Broken down in this manner, the performance data clearly illustrate the interplay between the two possible performance penalties of eliminating useless instructions. In nearly every case, the performance with a real predictor is very close to that of the performance with a perfect predictor, indicating that the cost of degree of use mispredictions is generally negligible, especially since the perfect predictor also detects additional useless instructions. The main cost of useless instruction elimination is clearly the need to verify the predictions and the associated consequences. The verification cost is almost entirely responsible for the performance loss experienced by the resource-rich model. The high cost of verification also explains why a perfect predictor can perform worse than a real predictor—the costs of verifying the additional useless instructions identified exceed the miniscule savings from the extra eliminations.

The two benchmarks contributing most to the slowdown of the rich configuration are eon and vortex. Examining the behavior of these two benchmarks further reveals that predictions are aborted more frequently due to a full load or store queue than due to the ROB threshold. This behavior is confirmed in Figure 4.10 for the medium configuration. As discussed in Section 4.2.7, resource exhaustion requires an abort to avoid deadlock. The entire front end is stalled until the aborted instruction can execute and retire and free up the necessary resource. Lower thresholds help these benchmarks immensely because it reduces the probability that a

resource will run out prior to the threshold being exceeded. The mechanism of useless instruction elimination could be improved by setting abort thresholds analogous to the ROB fill threshold on the register file and load and store queue occupancies.

## 4.4 Related Work

There is an extensive body of work on the compile-time detection and elimination of dead and partially-dead instructions. Partial dead-code elimination [53] is a compiler algorithm that transforms code to reduce or eliminate instances of instructions that produce dead values. In essence, the algorithm detects code that generates values used on only some subsequent control flow paths and attempts to move that code down into those paths. Improvements to the algorithm have been offered to widen its applicability while ensuring that the number of instructions on a given path is never increased [9]. As noted in Section 4.1.3, however, the applicability of static schemes is limited as many partially-dead instructions arise from beneficial optimizations that are, in effect, the reverse of partial dead-code elimination.

Martin et al. proposed a cooperative software/hardware scheme to track registers containing dead values [60]. Their scheme involves annotating the executable with information from the compiler about the last use of register values (i.e., noting that specific registers are dead). This information is subsequently used by the hardware to enable early physical register reclamation and elimination of needless saves and restores across procedure calls and context switches. Use-less instruction elimination cannot eliminate the saves of dead values (since stores have side effects), but it is able to eliminate useless instructions within procedures, which are not handled by this scheme.
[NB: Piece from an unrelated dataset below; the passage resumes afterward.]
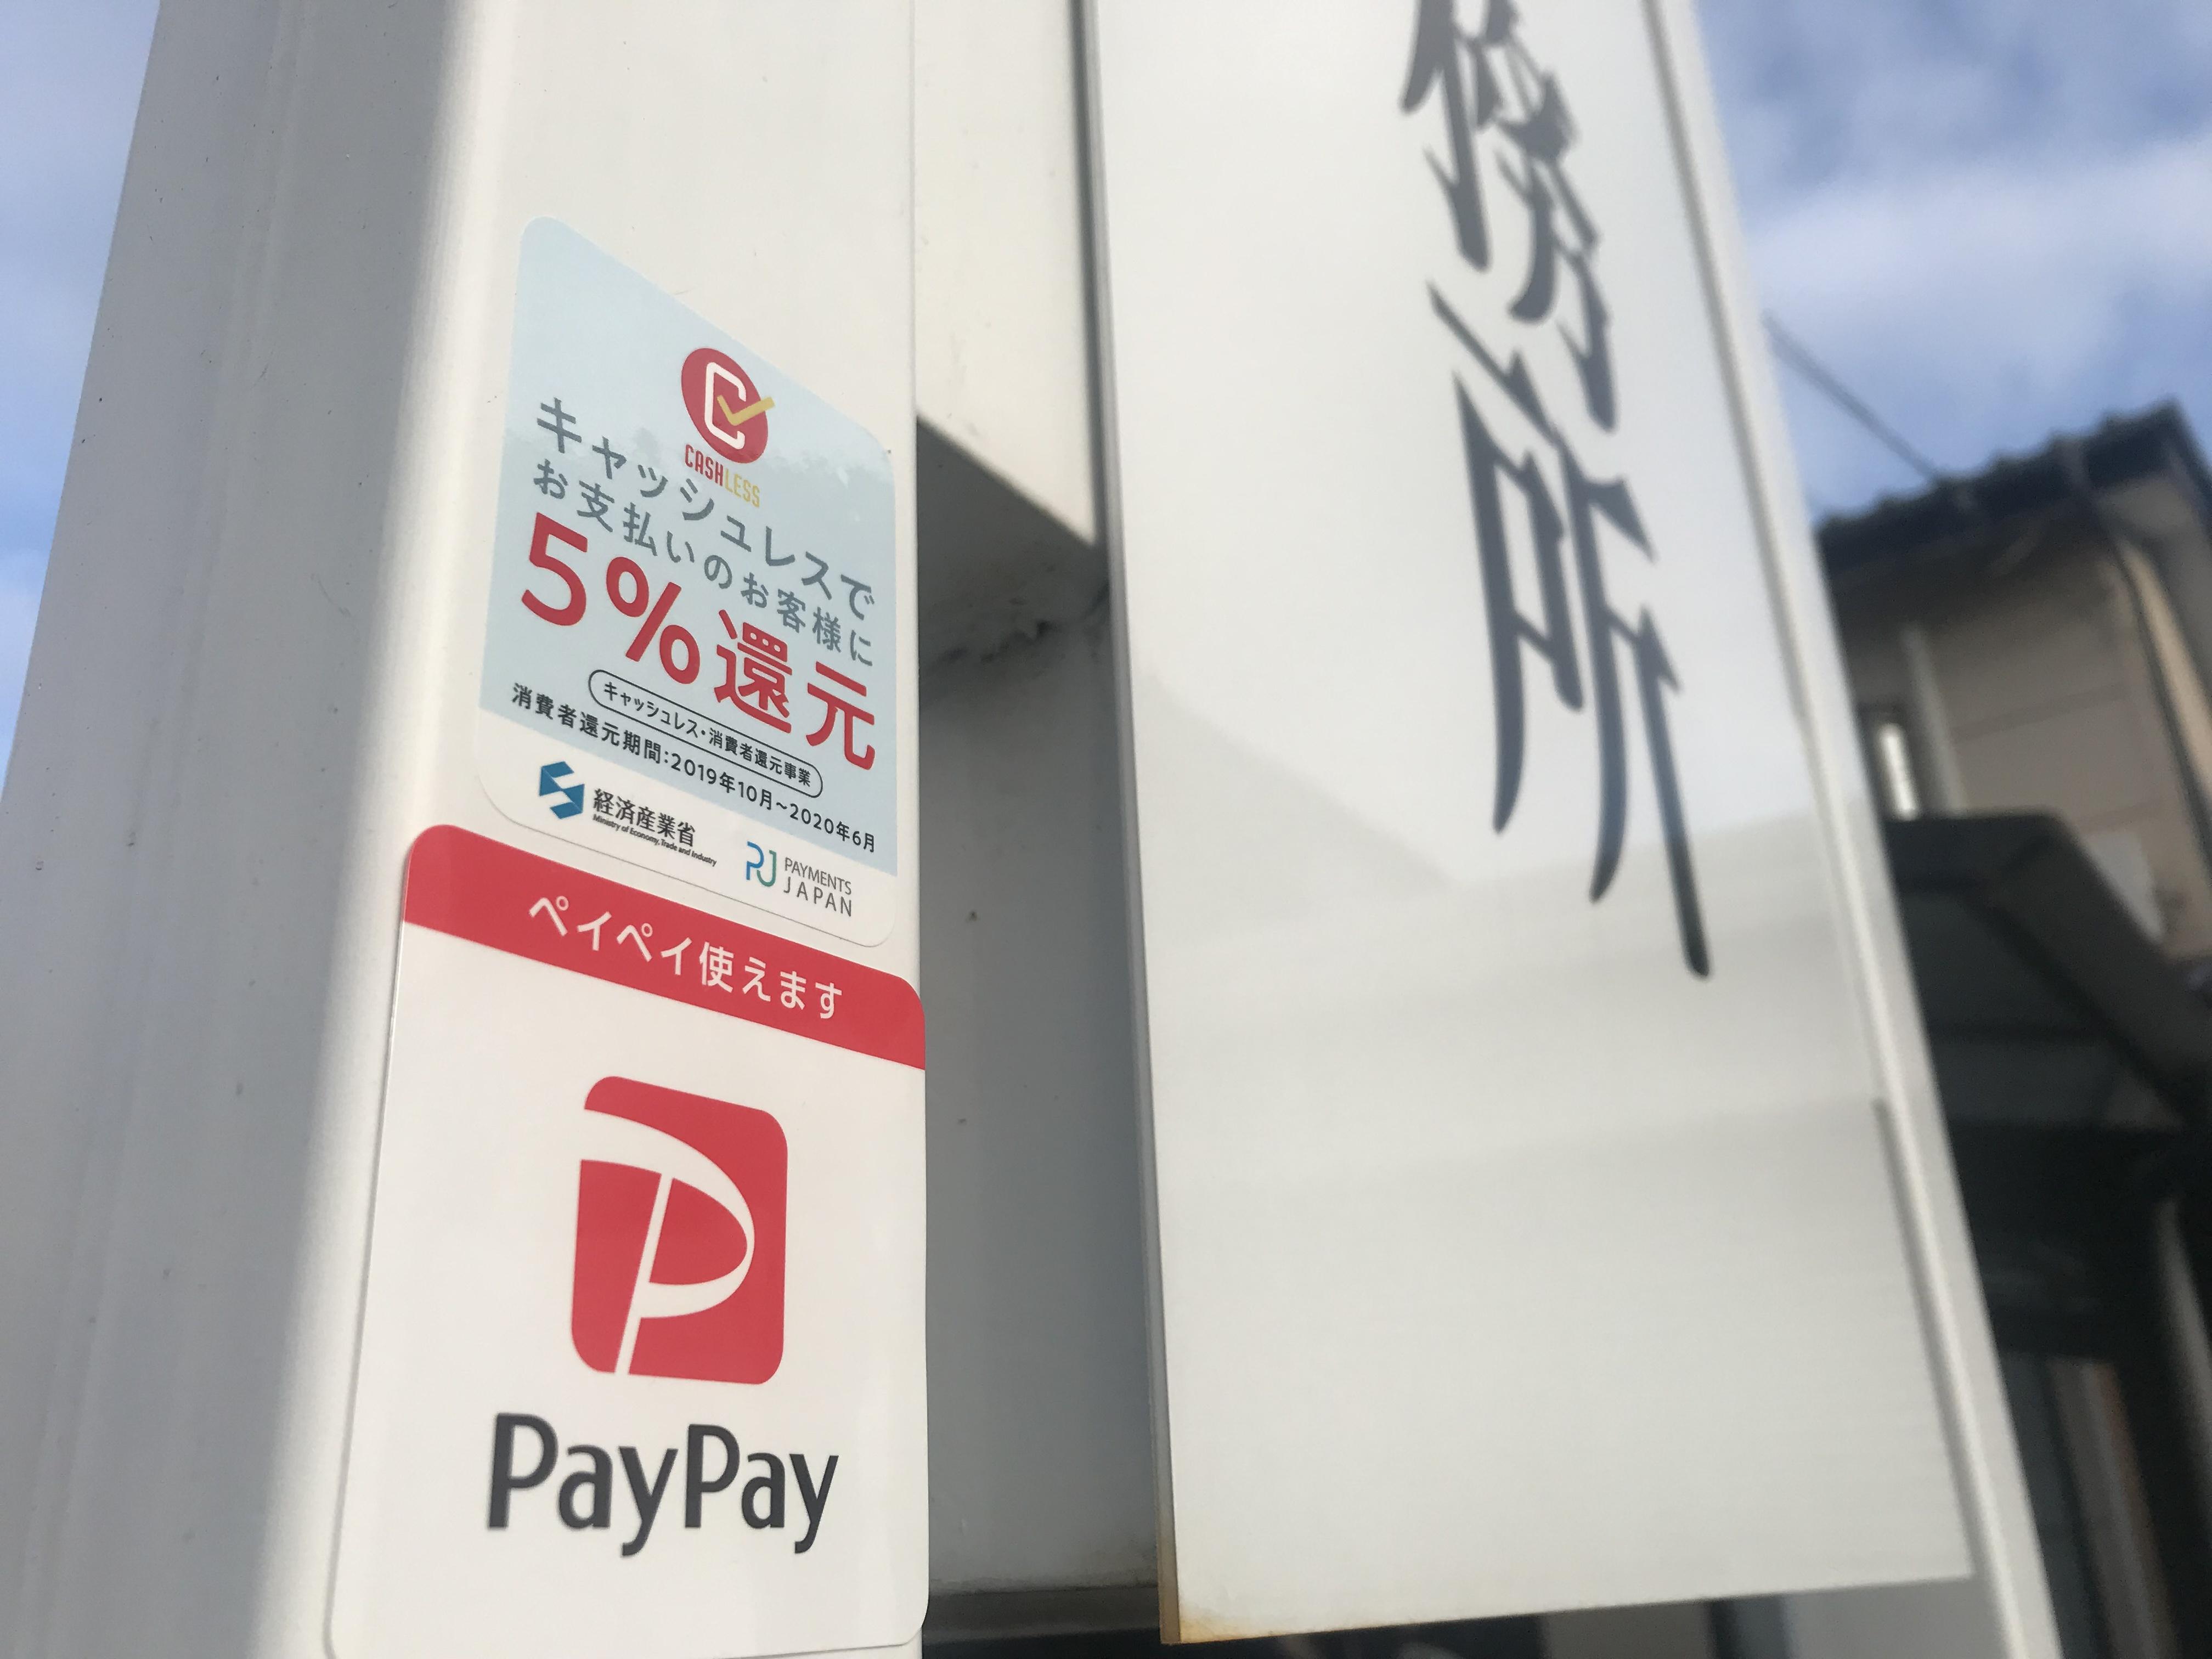 消費 者 還元 事業 paypay

Yoaz et al. [91] noted the occurrence of useless instructions, focusing on the subclass of them called silent stores [55]. They mentioned the possibility of squashing or de-prioritizing dead instructions, but did not present any specific schemes to identify or handle them. Rotenberg also observed the occurrence of sequences of instructions with no externally visible effects [71]. A much broader category than useless instructions, his *ineffectual instructions* include dead instructions, silent instructions (stores and otherwise), correctly predicted branches, and instructions transitively connected only to other ineffectual instructions. He proposed skipping these instructions to allow a speculative thread to get ahead of a slower verification thread.

## 4.5 Summary

Useless instructions generate result values that are not subsequently used during a program's execution. These instructions can account for as many as 15% of the dynamic instructions in an optimized program. The execution of useless instructions wastes processor resources, increasing utilization with no effect on the final computation. Resources used include physical registers, load queue entries, execution units, issue bandwidth, register file read and write bandwidth, and data cache bandwidth. A direct consequence of this increased resource utilization is higher-thannecessary power consumption. Under resource contention, performance suffers as well.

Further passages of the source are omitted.